防衛産業シンポジウム(産経新聞主催)で、小林鷹之政調会長の講演に続き、パネルディスカッションに登壇し、「新しい戦い方」や防衛産業の基盤強化について、元陸将の廣惠次郎氏と議論。会場200名、オンライン500名で大盛況。2月末のイラン攻撃は、まさに、AIフル活用の戦いの時代、と言えるものであり、特に、意思決定時間の短縮など、戦いにおける意思決定構造自体を変革した、と述べました。

アンソロピック「CLAUDE」やパランティア「GOTHAM」などが利用され、作戦開始から標的捕捉、そして最終戦果判定まで実に11分23秒しか要していません。攻撃までの過程で人間の介在はわずかとなっています。

防衛省・自衛隊も、指揮統制分野においてもAI活用を推進していますが、いずれにしても、「意思決定サイクル」を相手方よりも正確かつ迅速にして、「意思決定の優越」を確保できるようにすることが今後一層重要になってきます。

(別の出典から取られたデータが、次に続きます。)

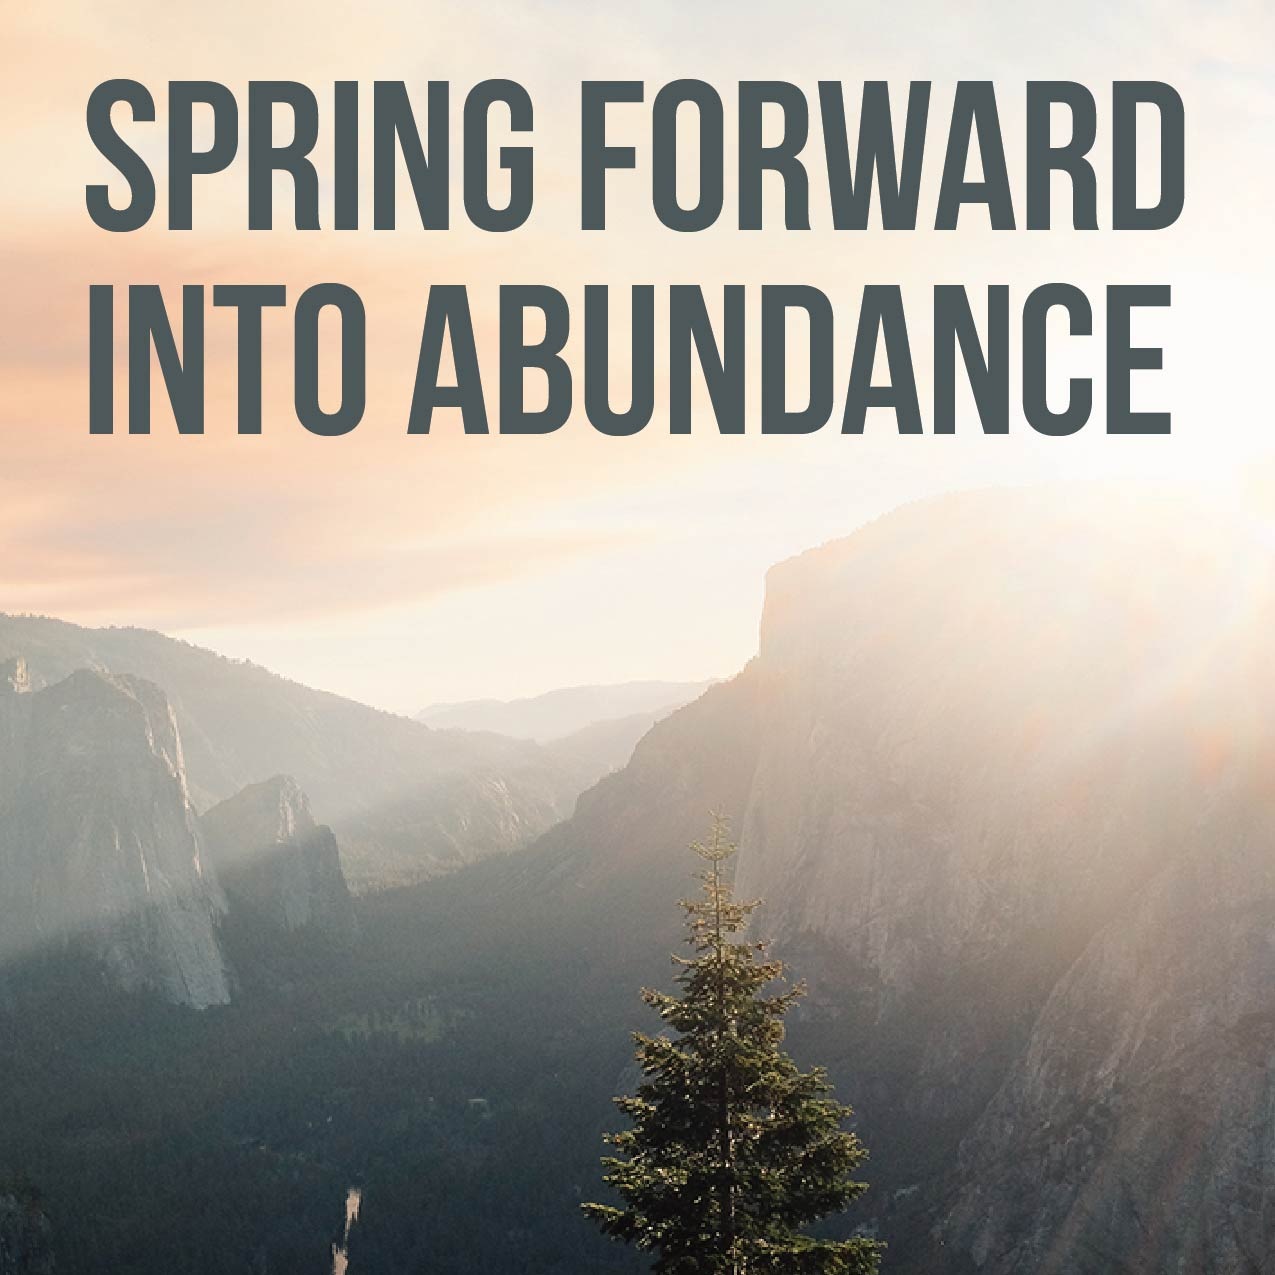 “Spring” Forward to Abundance

防衛産業基盤の維持・強化に向けては、「発想の転換」が必要です。

最先端技術の研究開発の多くは、非防衛産業分野で進展し、投資が拡大しています。防衛装備専用の生産・技術基盤のみに焦点をあてた狭義の「防衛産業」の維持・強化のみならず、民・防にまたがる幅広いサプライチェーンの強靭化、イノベーションや既存のプレイヤー以外の取り込みが必要です。

防衛産業は、かつてのように新技術をスピンオフさせるのではなく、新技術をスピンオンさせていく。また市場拡大で利益率向上していく、そして「防衛と経済の好循環」を創り出していきながら産業基盤を強化していくことが重要です。

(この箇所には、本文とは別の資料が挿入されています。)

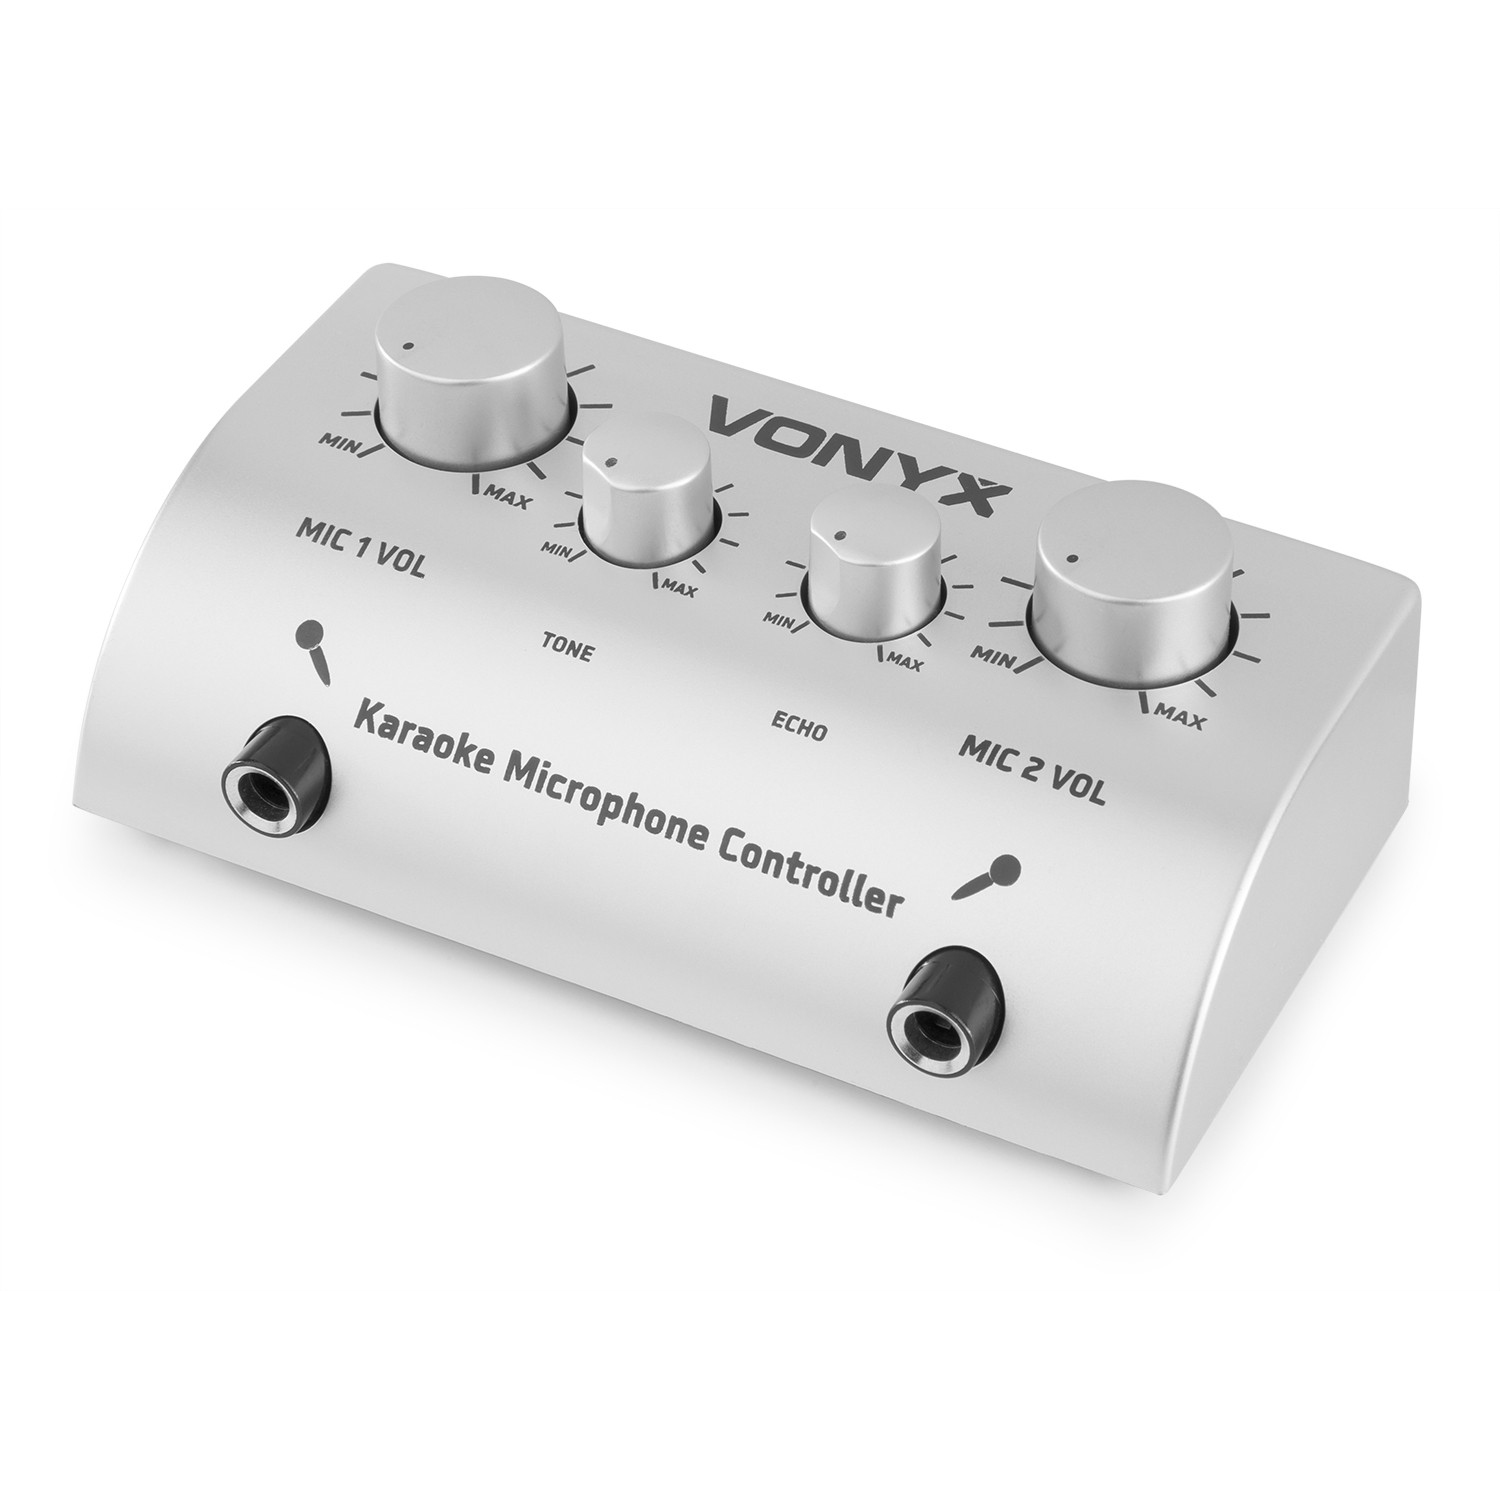 VONYX 103.112 Karaoke Microphone Mixer-Controller

私は、縦軸を「民・防共用⇔防衛専用」とし、横軸を「国内⇔海外」という図のイメージを示し、現在は「国内・防衛専用」の象限にしか対応できていないが、これからは4つの象限すべてに対応していく必要があると述べました。

併せて、いわゆる「防衛産業基盤強化法」は、支援対象が「自衛隊(国内装備品)のみ」に限られており、「装備移転」は「仕様等の調整」のみが対象となっているので、防衛省と経済産業省が協力して全面改正していくことも必要ではないかと述べました。近く防衛副大臣が増員される予定であるから、政府での取組を進めるために、そのチャンスも活かすべきとも申し上げました。